Eli Zibin

We Built a Minimal Agent REPL

16/02/2026

agents repl typescript

Agents as While Loops: using a tiny terminal REPL to build a simple tool-calling agent.

This is a small and simple learning exercise: make a miniature agent runtime that mimics the fundamentals of a real agent loop. No framework magic, just one clear loop: user input, model output, tool calls, repeat. I was inspired by this tweet below:

A compact way to describe why agent runtime building mostly comes down to loops and structure.

System image

System view of the minimal agent REPL architecture with provider and local tools.
One-screen view: terminal REPL, provider API, and local tools tied together by a tool-call loop.

Live demo

Quick run from the real REPL.

Terminal recording of the agent REPL streaming output, running a tool call, and returning a final answer.
Live terminal pass: prompt -> streamed response -> tool call -> final answer.

Loop diagram

Agent loop diagram showing responses requests, function calls, tool execution, and resume.
Two loops: the outer REPL loop and the inner tool-calling loop.

What we built:

1. Streaming assistant output in the terminal so we can see progress in real time.
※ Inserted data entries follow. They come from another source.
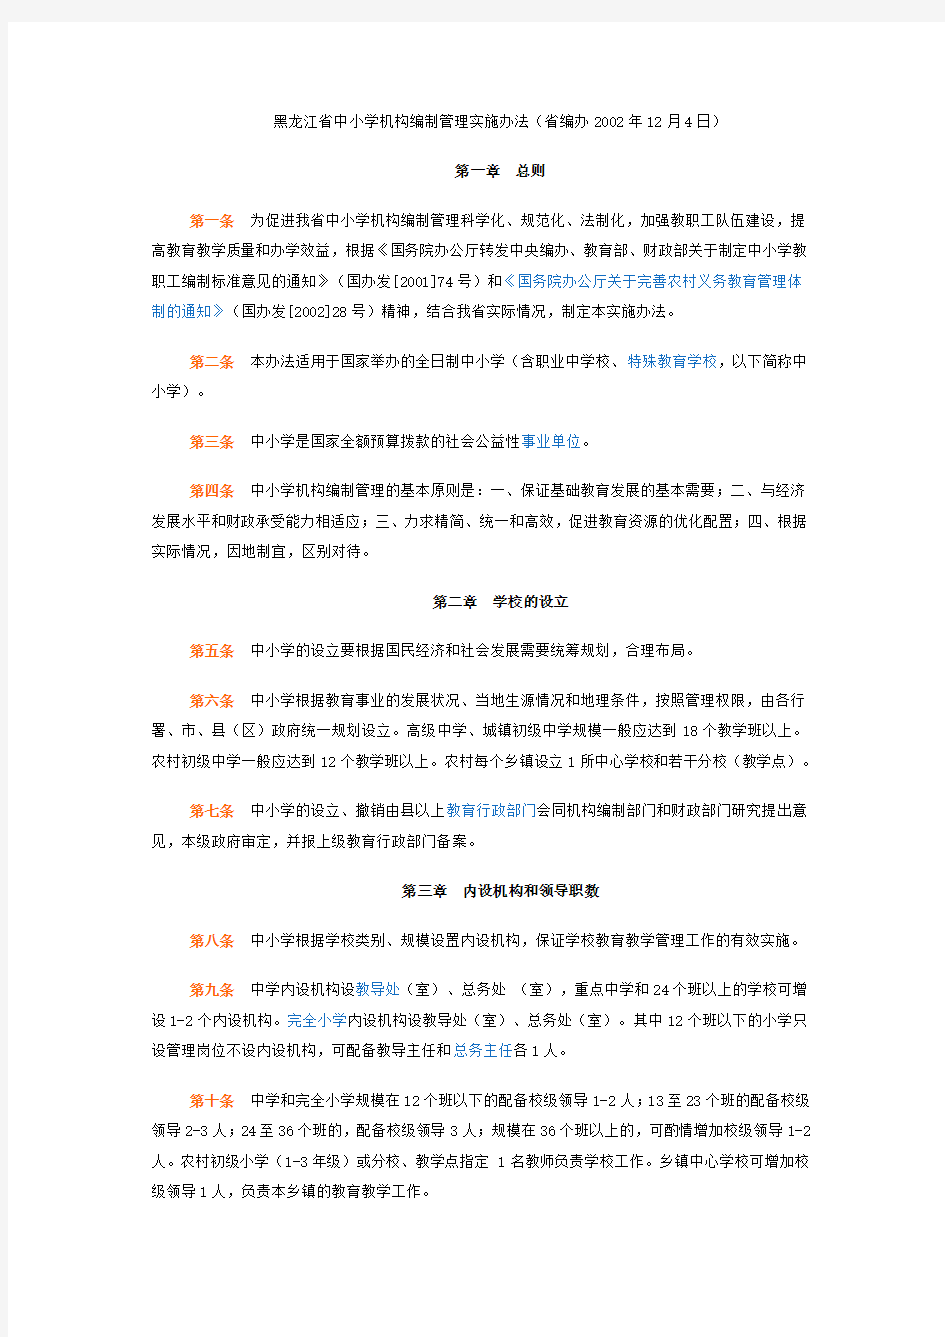 黑龙江省中小学机构编制管理实施办法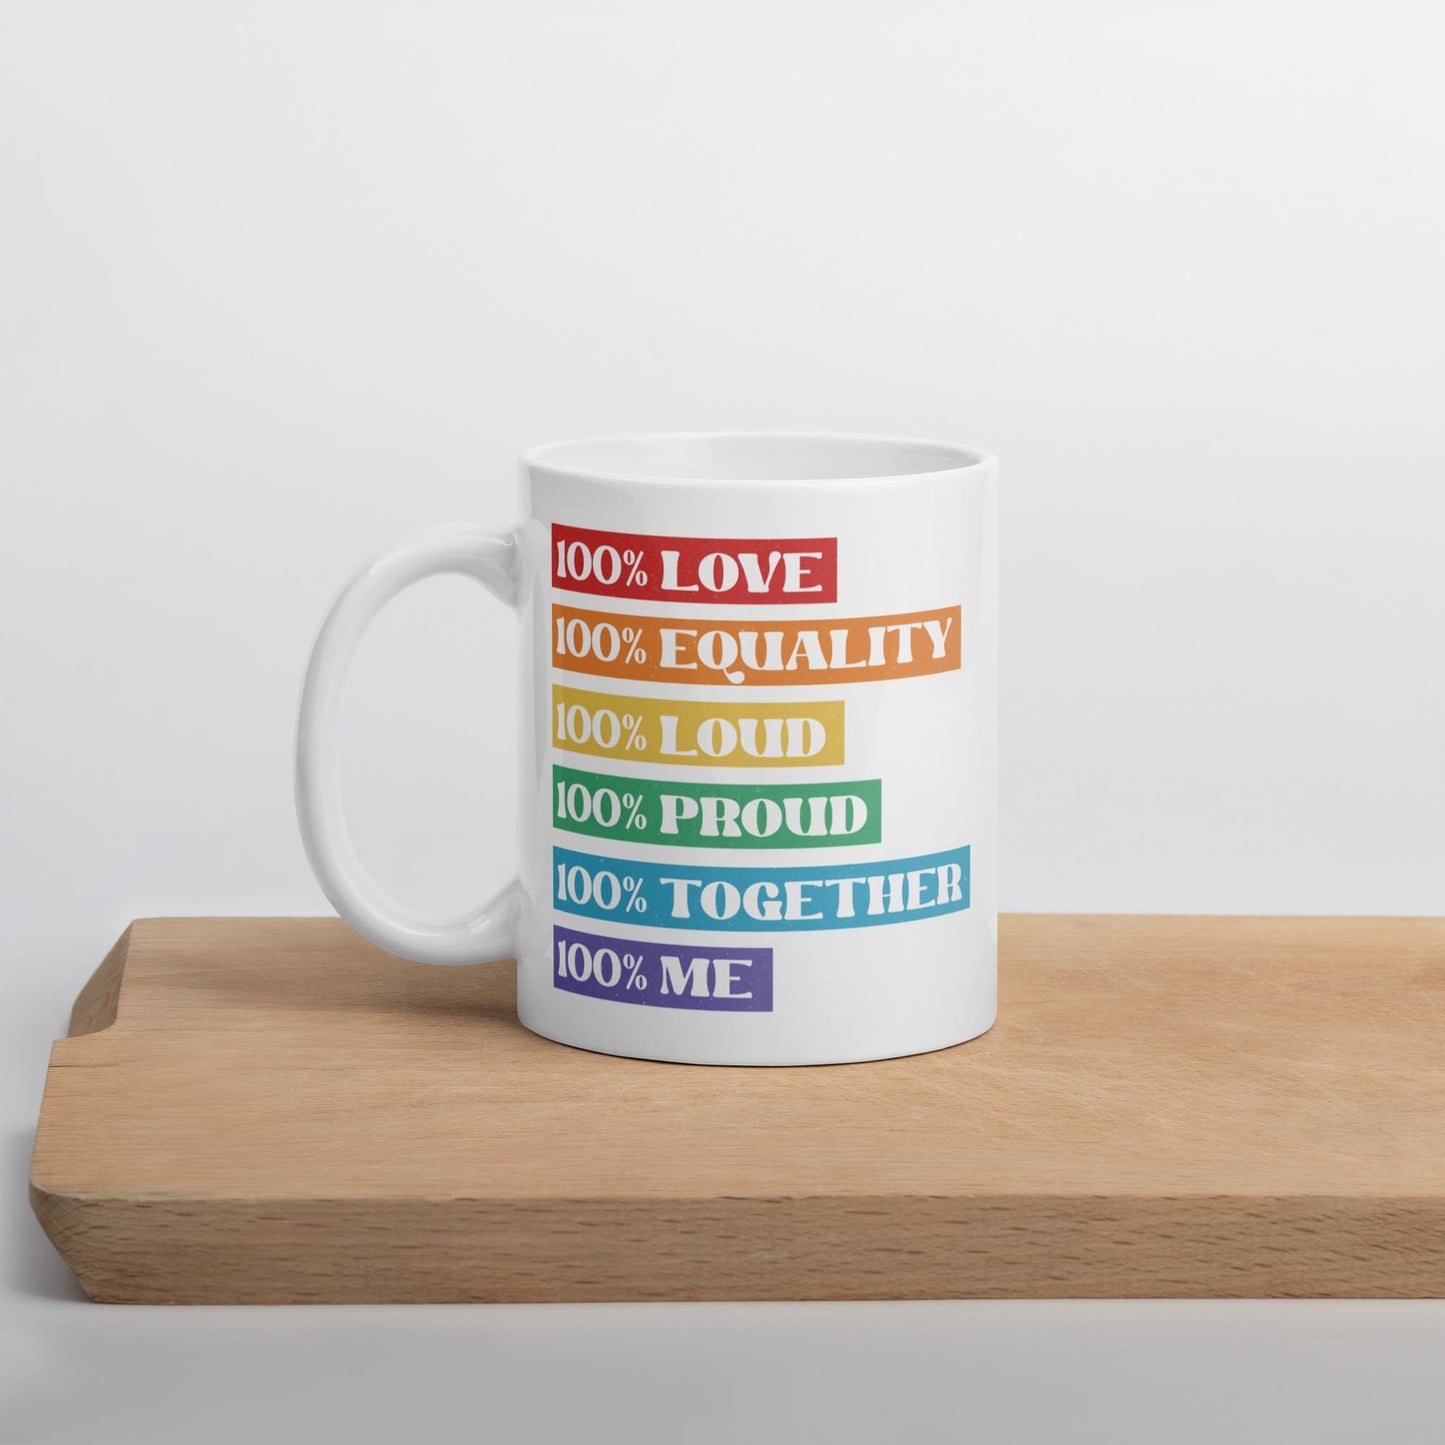 LGBTQ pride mug, LGBT awareness coffee or tea mug on table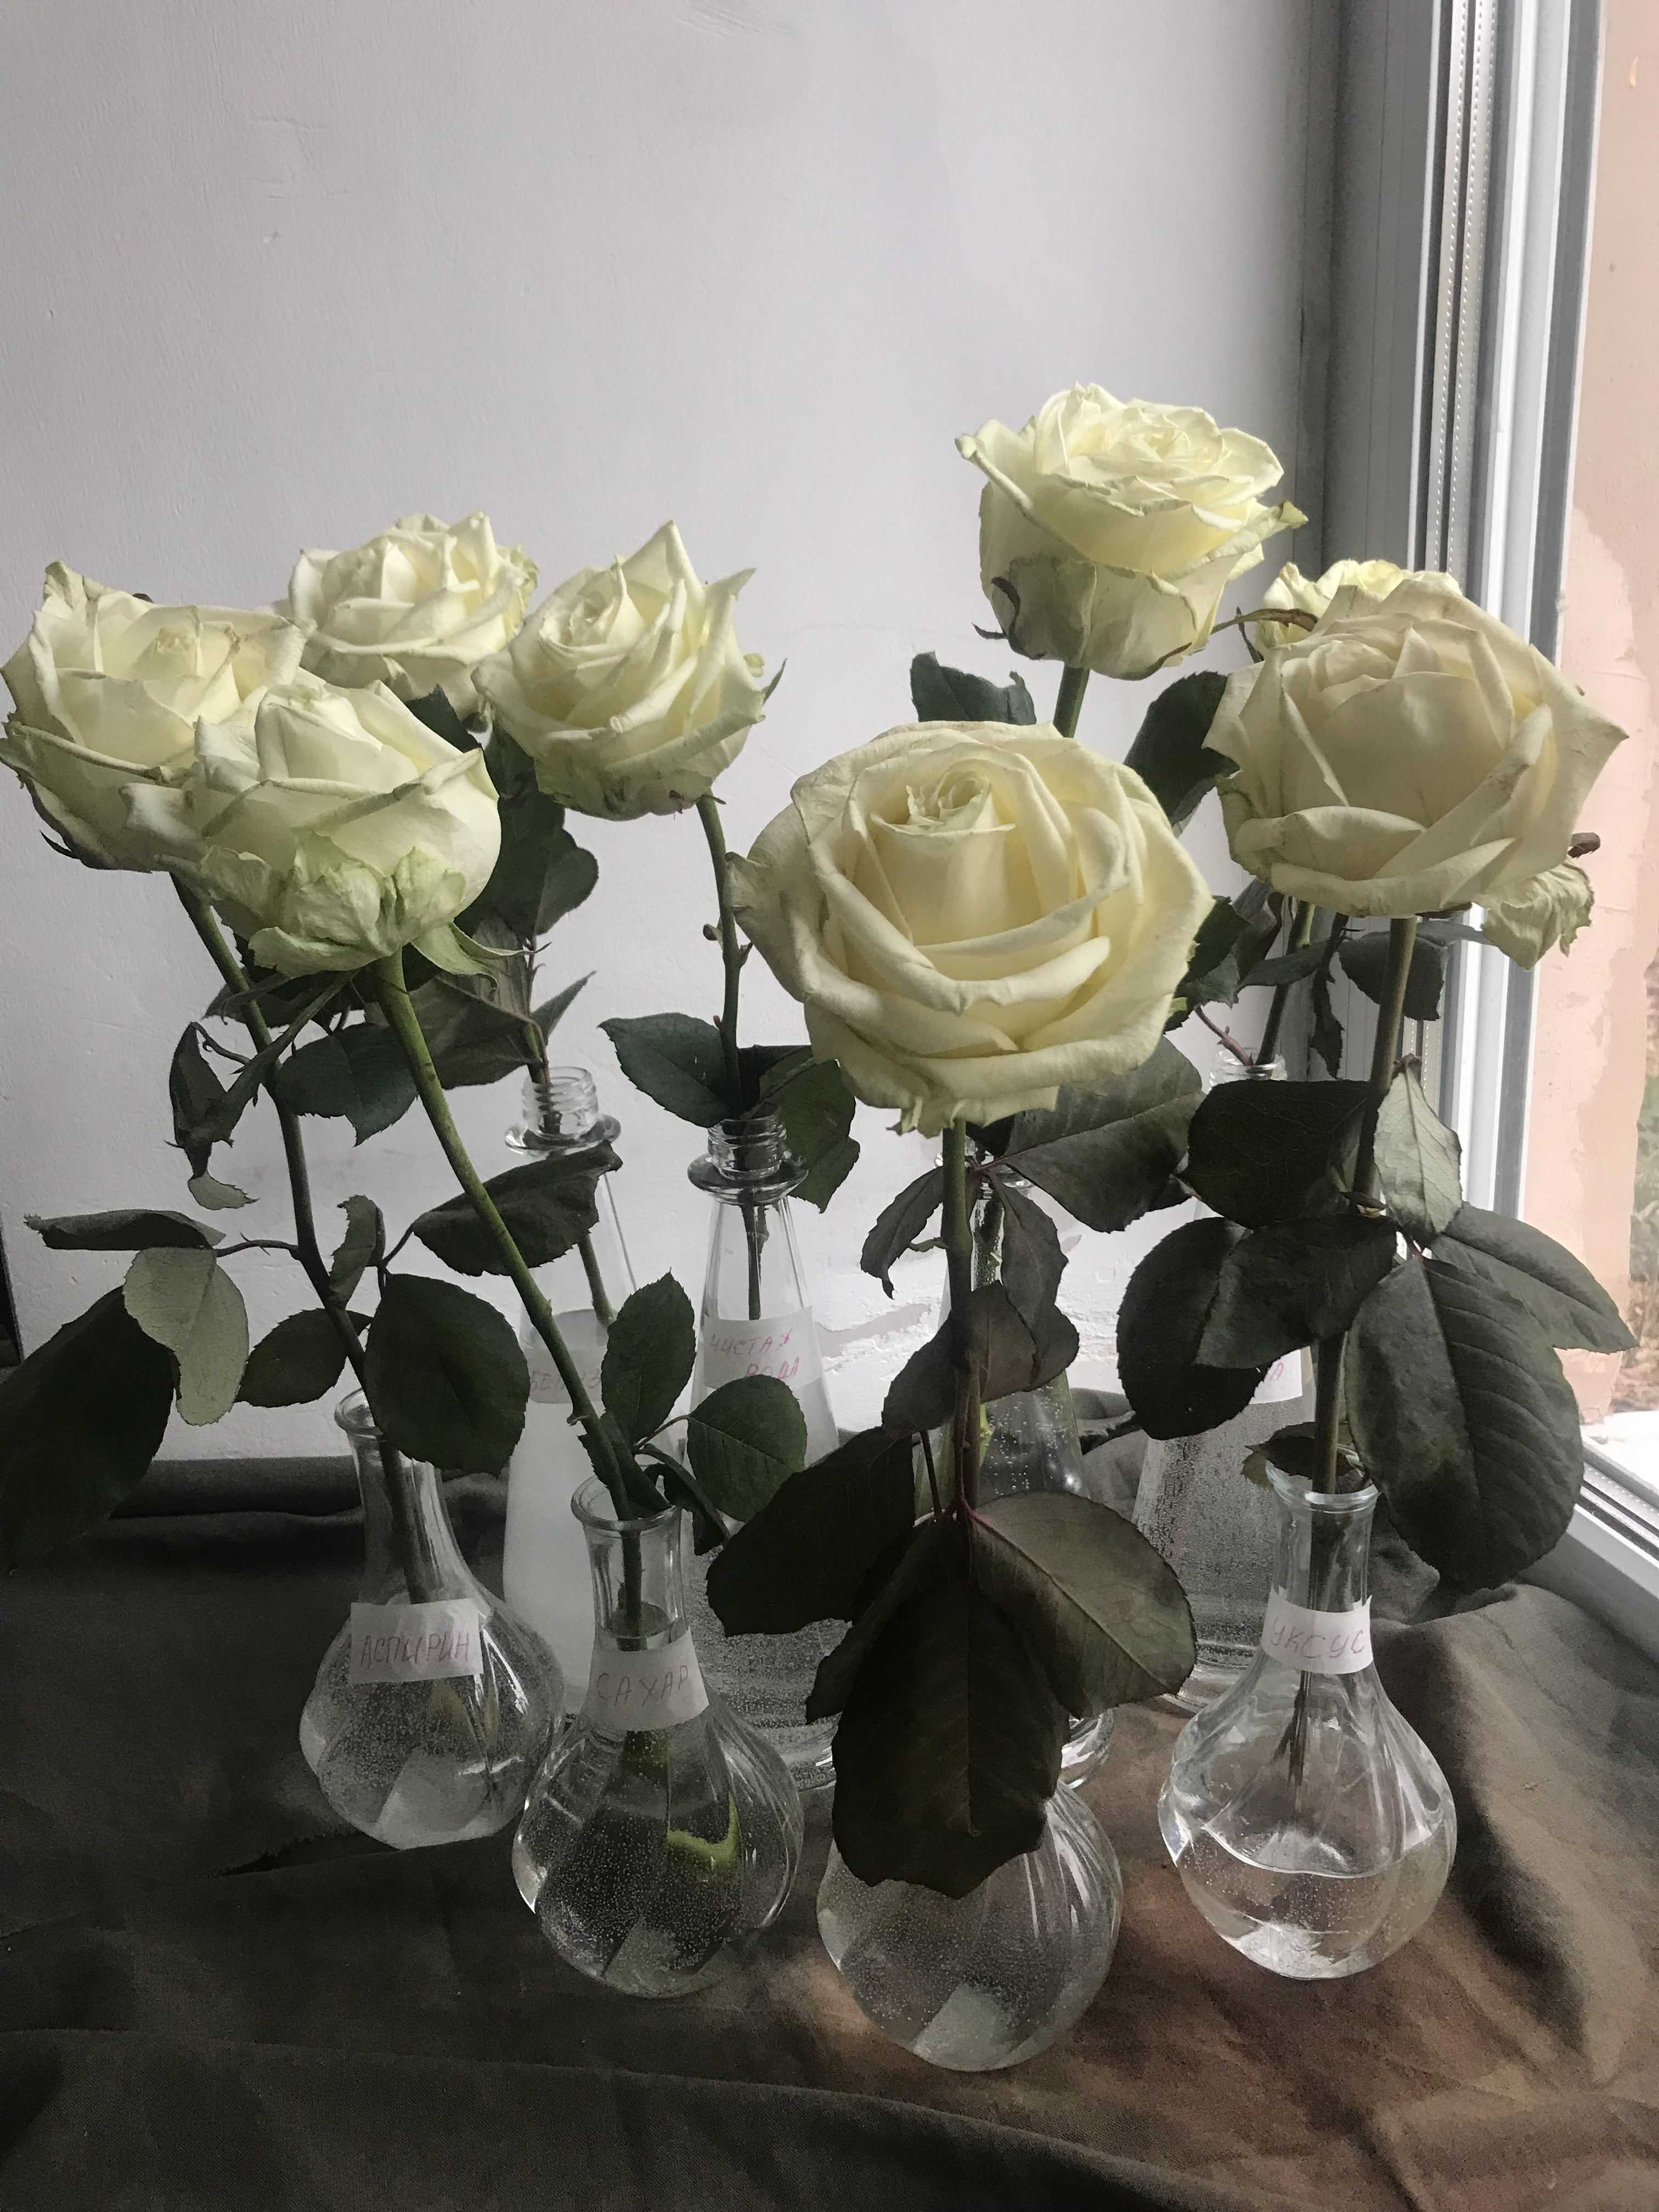 Как сохранить срезанные розы в вазе дольше всего: правила ухода за срезанными цветами

2. A thinking indicator before first token so slow turns still feel responsive (super basic).

3. Session save/load so conversations can be resumed.

4. Safe workspace inspection tools for reading and searching local files.

5. Per-turn metrics plus Ctrl+C cancellation.

6. Phase-based reasoning controls for plan/build/review modes.

Safety guardrails

We intentionally kept tool access constrained.

- read_workspace_file blocks absolute paths and parent directory traversal.

- search_workspace skips .git and node_modules.

- Both tools cap bytes/results and skip binary content.

Provider flexibility

The same loop runs on OpenAI or OpenRouter. We can switch providers and models at runtime with /provider and /model, which made testing and comparison much easier.

The tiny tool-calling loop that matters

TS

let response = await responses.create({
  input: history,
  tools,
  stream: true,
});

history.push(...response.output);

while (hasFunctionCalls(response.output)) {
  for (const call of getFunctionCalls(response.output)) {
    const result = await runTool(call.name, JSON.parse(call.arguments));
    history.push({
      type: "function_call_output",
      call_id: call.call_id,
      output: JSON.stringify(result),
    });
  }

  response = await responses.create({
    input: history,
    tools,
    stream: true,
  });

  history.push(...response.output);
}
Minimal tool-call loop: run tool calls, append outputs, continue response.

Metrics screenshot

Single-turn trace with both tool execution and per-turn metrics.

Terminal screenshot showing tool call lines and meta metrics output for a completed REPL turn.
One frame showing tool> activity and meta> status, request count, and token metrics.

Conclusion

This was fun and educational: small, understandable, and practical enough to understand. Next step is looking at other more advanced agent runtime features and sdks, but the core loop is working and feels good to build on. Thanks for reading!